Extracted records:

● ● ● ●

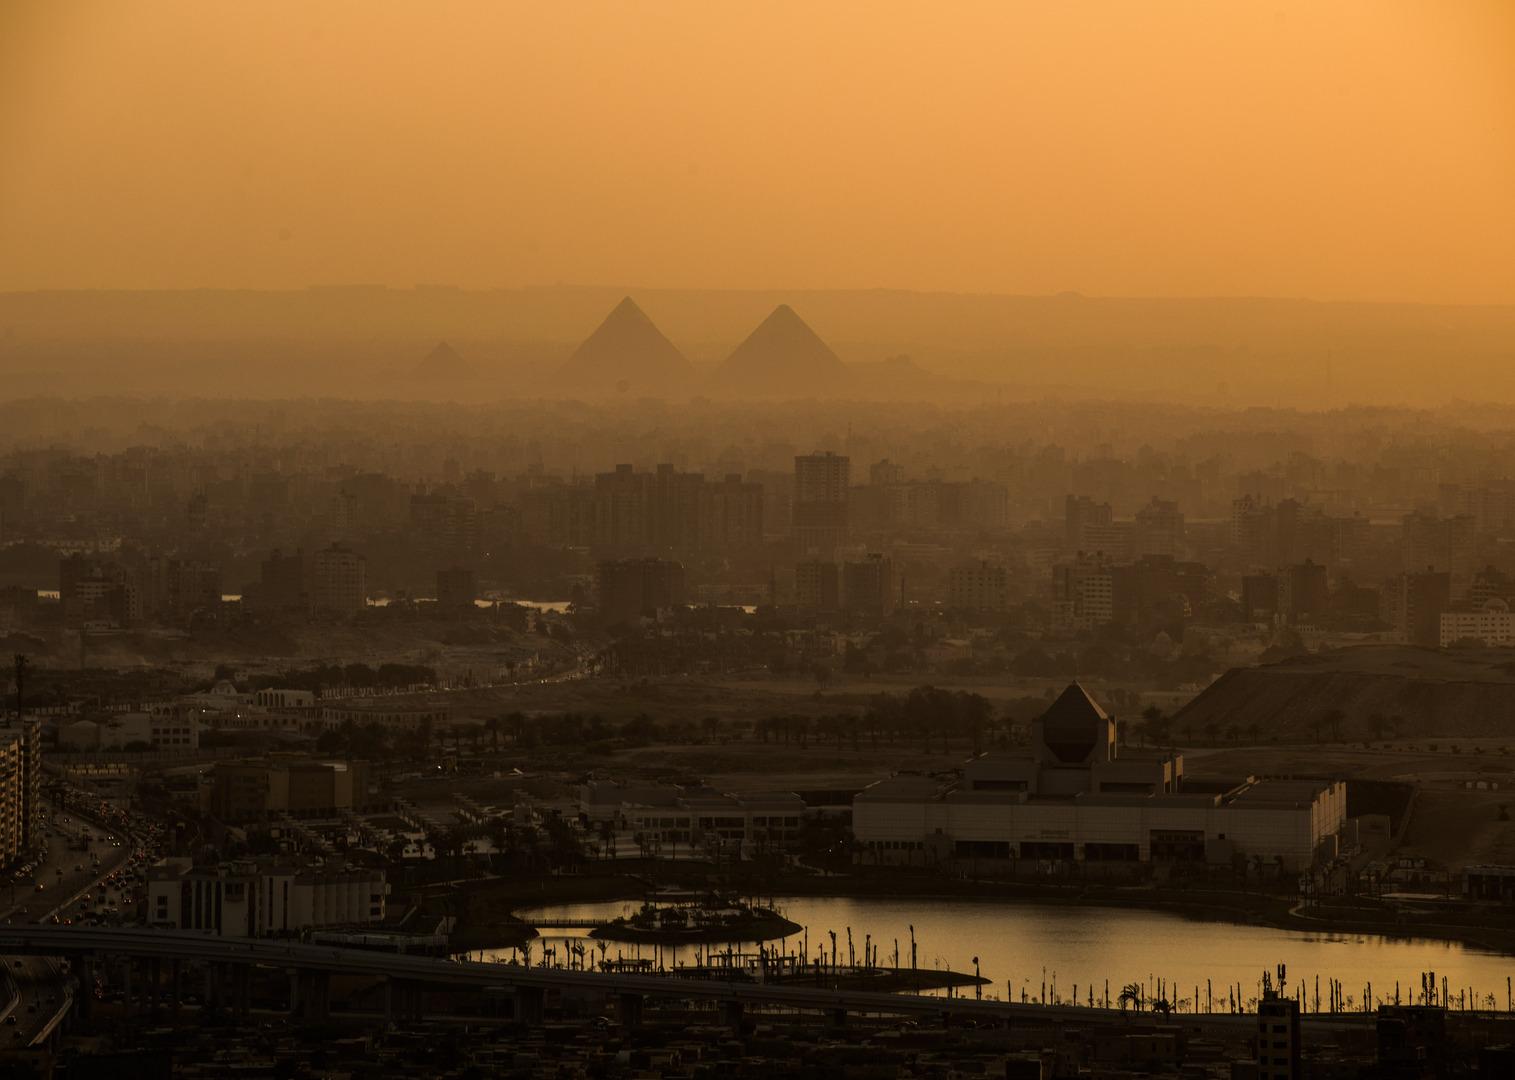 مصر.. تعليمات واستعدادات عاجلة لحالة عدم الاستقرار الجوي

● ● ● ●

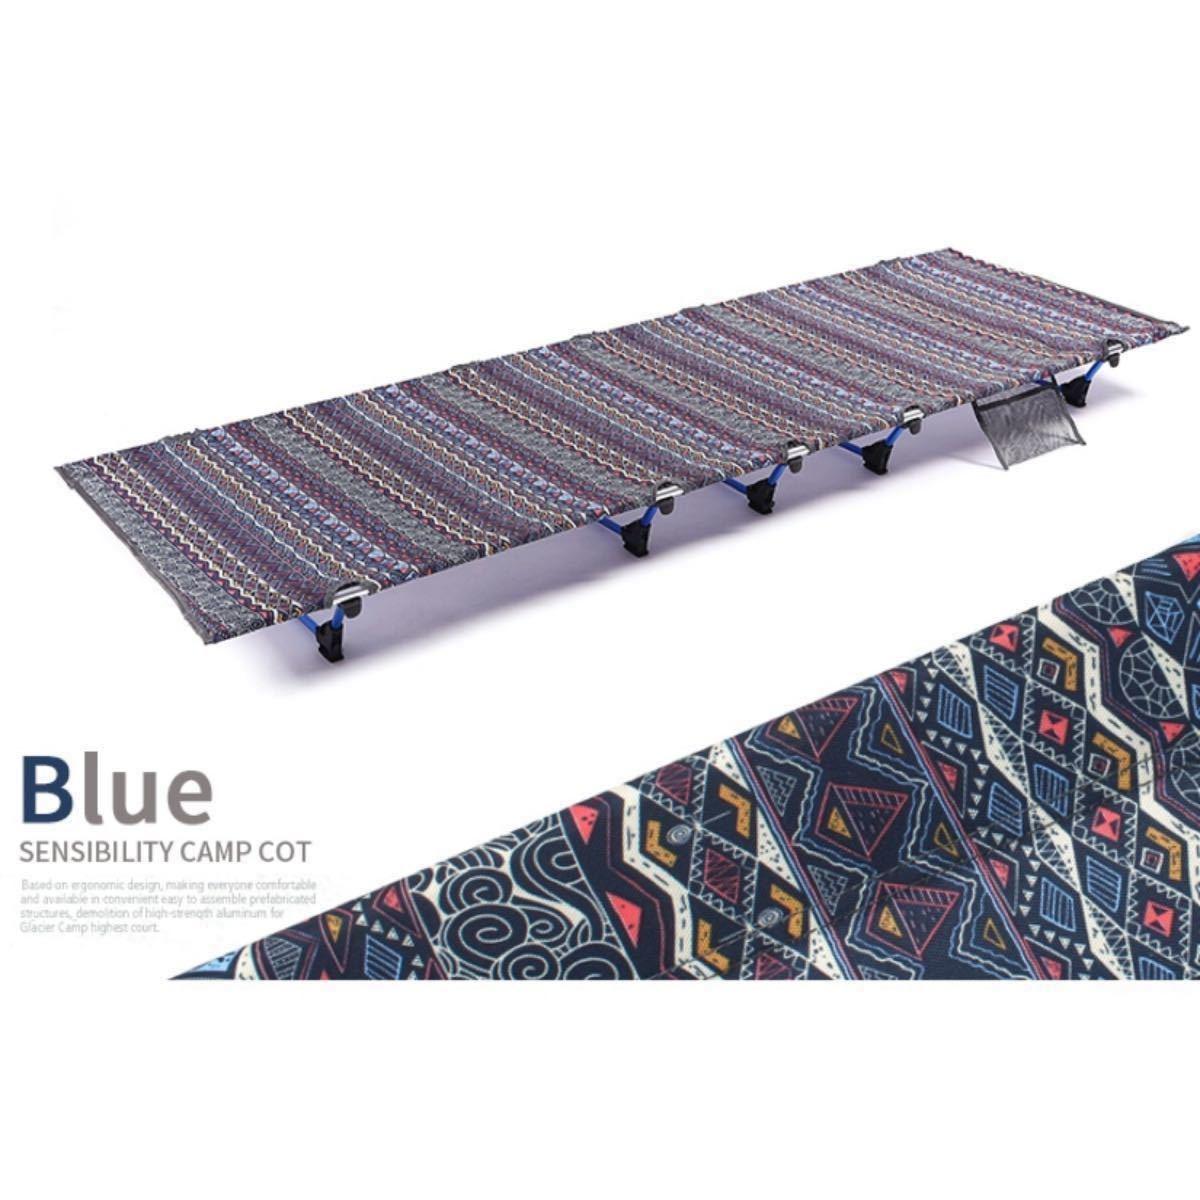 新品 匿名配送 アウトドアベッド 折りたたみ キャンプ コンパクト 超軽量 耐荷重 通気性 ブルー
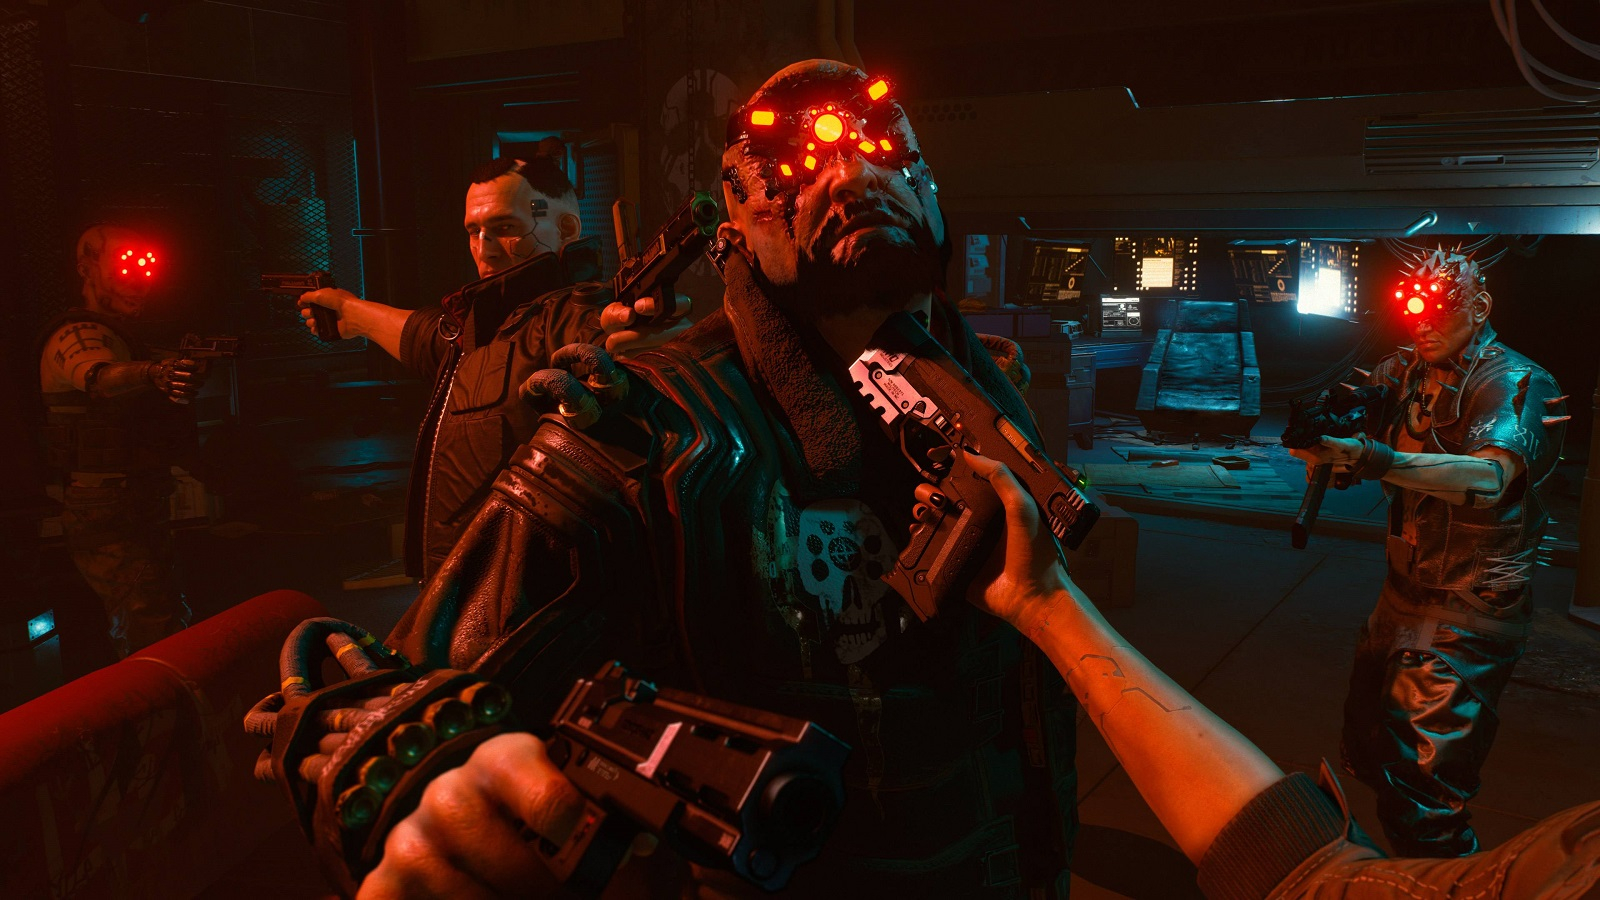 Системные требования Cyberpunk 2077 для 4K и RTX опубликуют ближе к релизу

● ● ● ●

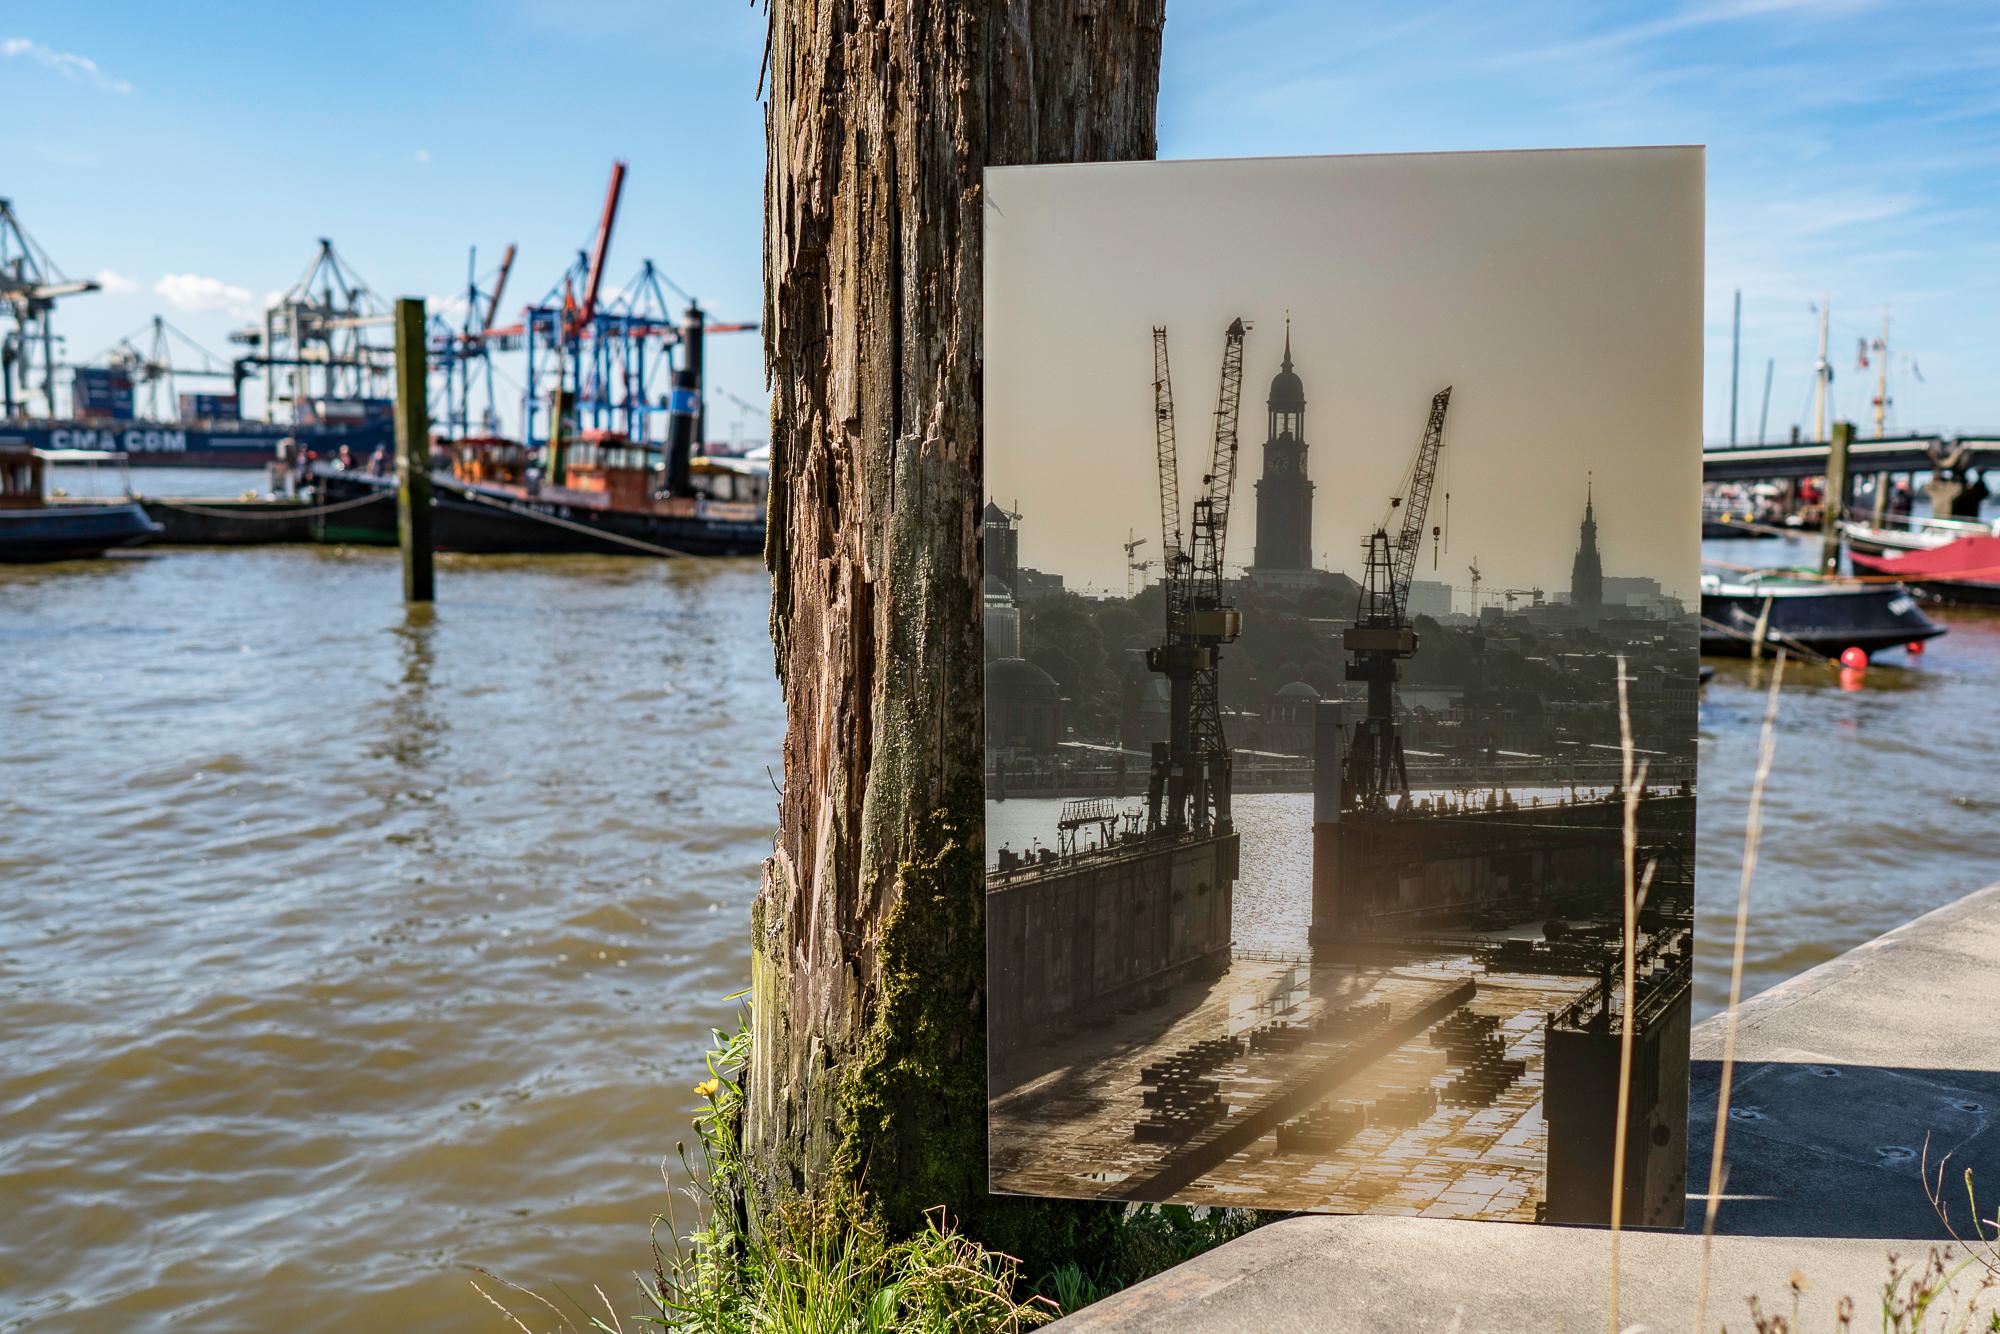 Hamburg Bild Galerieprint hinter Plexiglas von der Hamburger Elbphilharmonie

● ● ● ●

What you need to do: Starting at the line that contains "新品 匿名配送 アウトドアベッド" and ending at the line that contains "Системные требования Cyberpunk", transcribe the material above exactly, excluding pictures.

Solution:
 新品 匿名配送 アウトドアベッド 折りたたみ キャンプ コンパクト 超軽量 耐荷重 通気性 ブルー
 Системные требования Cyberpunk 2077 для 4K и RTX опубликуют ближе к релизу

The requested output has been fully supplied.